Convolution Kernel Implemented in CUDA

Use many CUDA techniques to obtain a convolution kernel

Posted by : moomoohorse on Dec 9, 2023

Some crazy months have passed. I got COVID, and then a new job, and then many unexpected things like these happened.

From Oct., I’ve been working on 4 projects, a pipeline processor, a CUDA conv kernel, 2 AI-ops related projects in Microsoft. I’m not sure if I can share the details of the Microsoft projects.

This posts address some technical details of the CUDA conv kernel.

The Problem

This project implements and optmizes the forward-pass of a convolutional layer using CUDA. Convolutional layers are the primary building blocks of convolutional neural networks (CNNs), which are used in many machine learning tasks like image classification, object detection, natural language processing, and recommendation systems. In general, CNNs work well on tasks where the data/input features have some level of spatial relationship.

This project involves a modified version of the LeNet-5 architecture shown below.

LenetImage

Source: http://yann.lecun.com/exdb/publis/pdf/lecun-01a.pdf

The optimized CUDA implementation of the convolutional layer will be used to perform inference for layers C1 and C3 (shown in red) in the figure above. We will be leveraging the mini-dnn-cpp (Mini-DNN) framework for implementing the modified LeNet-5.

We will be using the Fashion MNIST dataset, where the inputs to the network will be a batch of 10,000 single channel images, each with dimensions of 86 x 86 pixels.
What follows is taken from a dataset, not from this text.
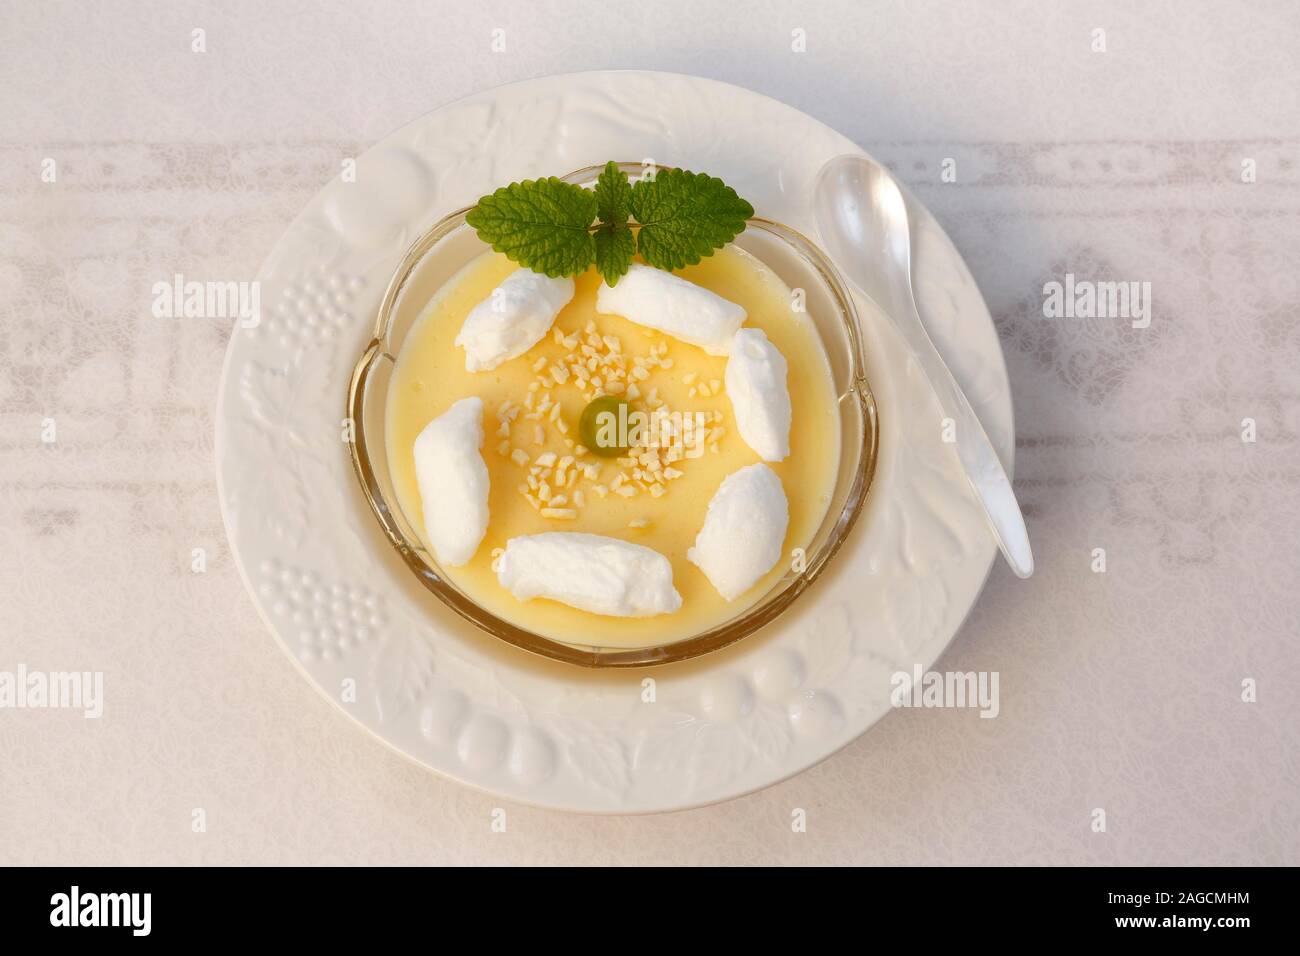 Swabian dessert in dessert bowl, Stuttgart wine cream with protein foam, Germany Stock Photo
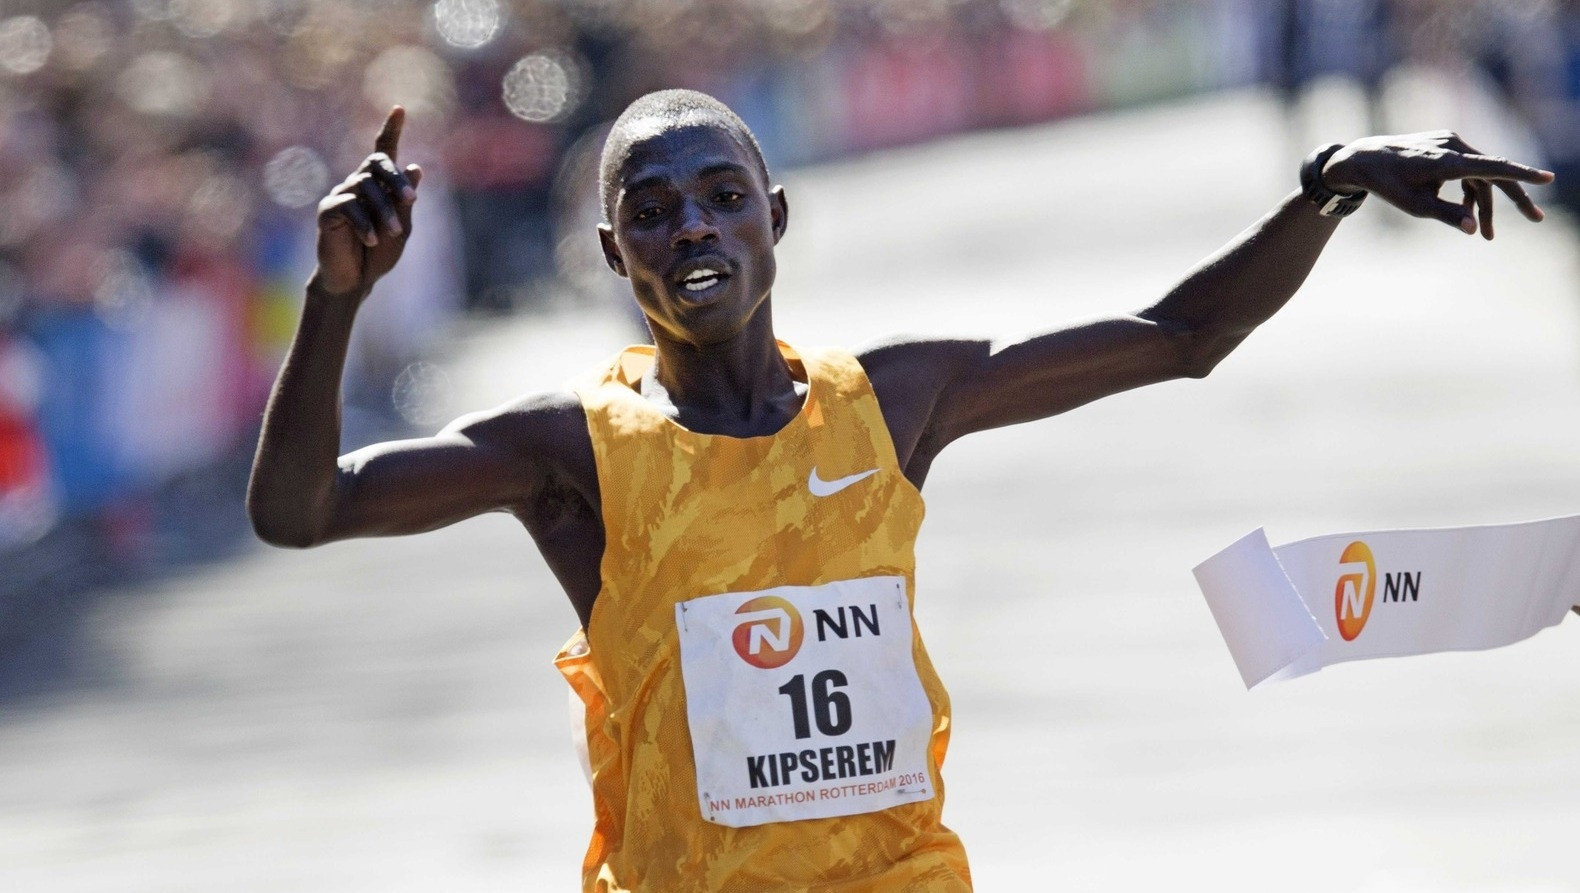 2018 Abu Dhabi Marathon champion Marius Kipserem from Kenya eyes podium at Rotterdam Marathon

The output layer consists of 10 nodes, where each node represents the likelihood of the input belonging to one of the 10 classes (T-shirt, dress, sneaker, boot etc.)

The overall learning objectives for this project are:

Demonstrating command of CUDA and optimization approaches by designing and implementing an optimized neural-network convolutional layer forward pass
Obtaining practical experience in analyzing and fine tuning CUDA kernels through the use of profiling tools like Nsight Systems (nsys) and Nsight-Compute (nv-nsight-cu)

Repos

The link to the repos.

Optimizations

Shared memory matrix multiplication and input matrix unrolling
Kernel fusion for unrolling and matrix-multiplication (requires previous optimization)
Tuning with restrict and loop unrolling (considered as one optimization only if you do both)
Sweeping various parameters to find best values (block sizes, amount of thread coarsening)
Multiple kernel implementations for different layer sizes
FP16 arithmetic. (note this can modify model accuracy slightly)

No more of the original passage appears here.